Bretos made the journey at the age of 14 accompanied only by her 11-year-old brother. For two years, Bretos lived in an orphanage while she waited for her parents to make the trip to the United States. “It was a very difficult moment in our lives because we found ourselves without our family—our support system—not knowing anybody and with a very uncertain future.”

Bretos’s parents eventually joined their children in the U.S. The previously middleclass family settled in Florida and worked together in the hot fields picking tomatoes to earn a living.

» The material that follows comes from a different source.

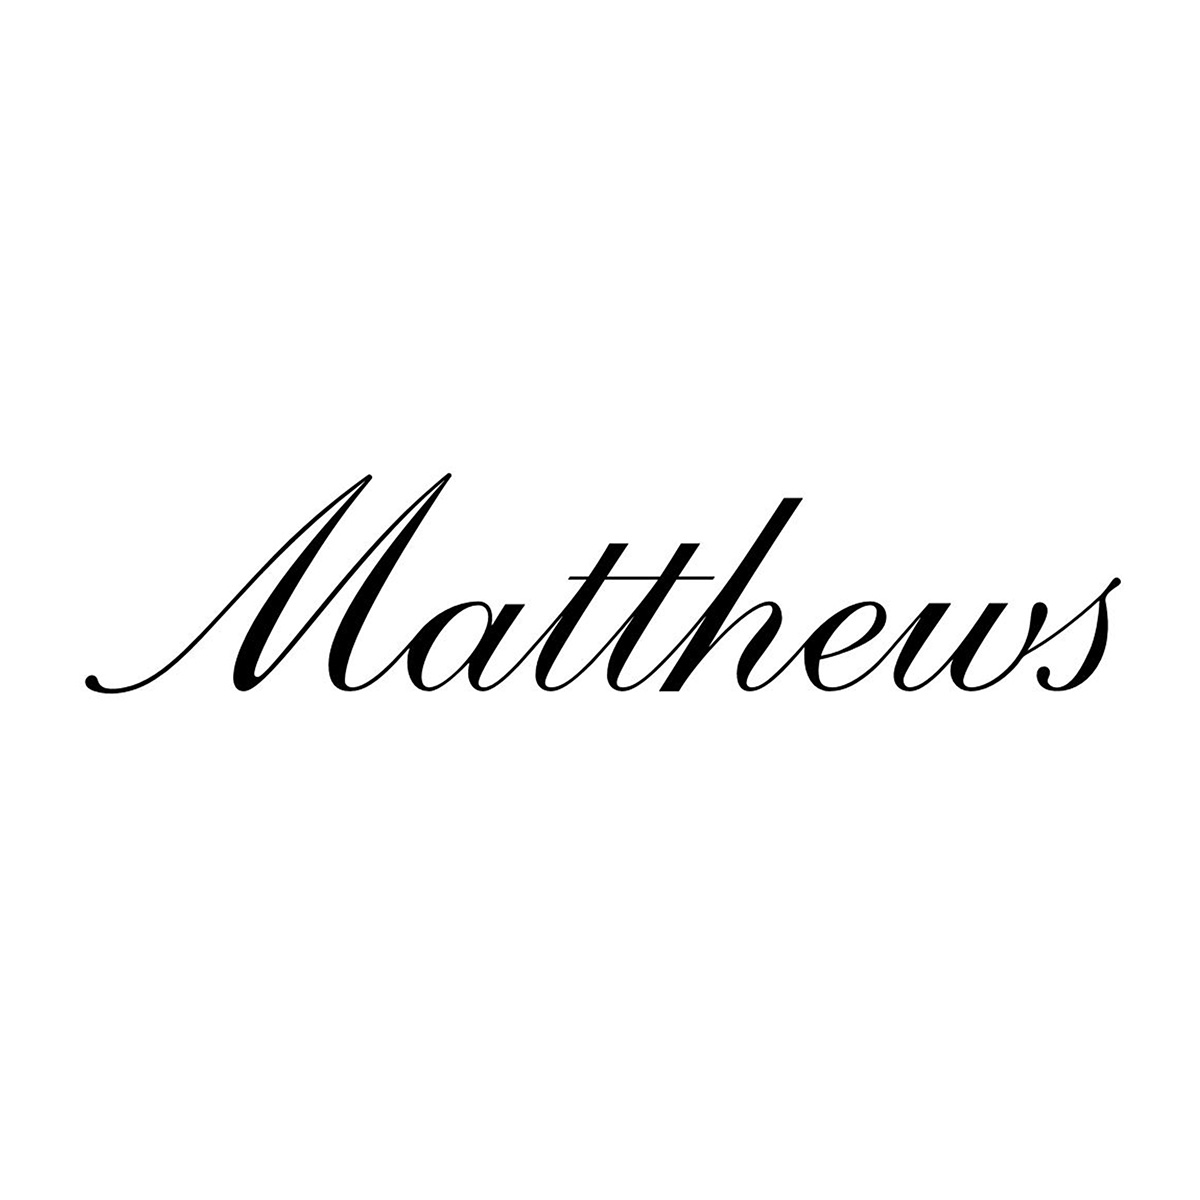 Matthews square.jpg

Bretos credits this difficult time in her life with shaping the way she views the world today. “You identify yourself with the downtrodden and those who don’t have resources. You feel like you are the ideal individual to turn it around and you have the personal resources, the experience, and the resilience to make a change.”

Get off the couch!
Though Bretos works each day to make a change for thousands of needy older adults, she is impatient with the slow progress of working within the established bureaucracy. “Things don’t happen fast enough and I wish that by now, after 11 years of dedicating so much time into a project like this, everyone who is disabled or poor and living alone in this country would have the opportunity to stay home and receive care. Yet it hasn’t happened. That frustrates me a lot. A lot has been done, but there’s a lot more to be done.”

Winning The Purpose Prize was a thrill for Bretos, not just for the money or even the recognition. Bretos says, “We think of older adults as people who consume services without giving back to others, and that’s absolutely untrue. The Purpose Prize has shattered that misconception. We are only limited in our minds. I think The Purpose Prize is going to inspire a lot more people to get off that couch to do something.”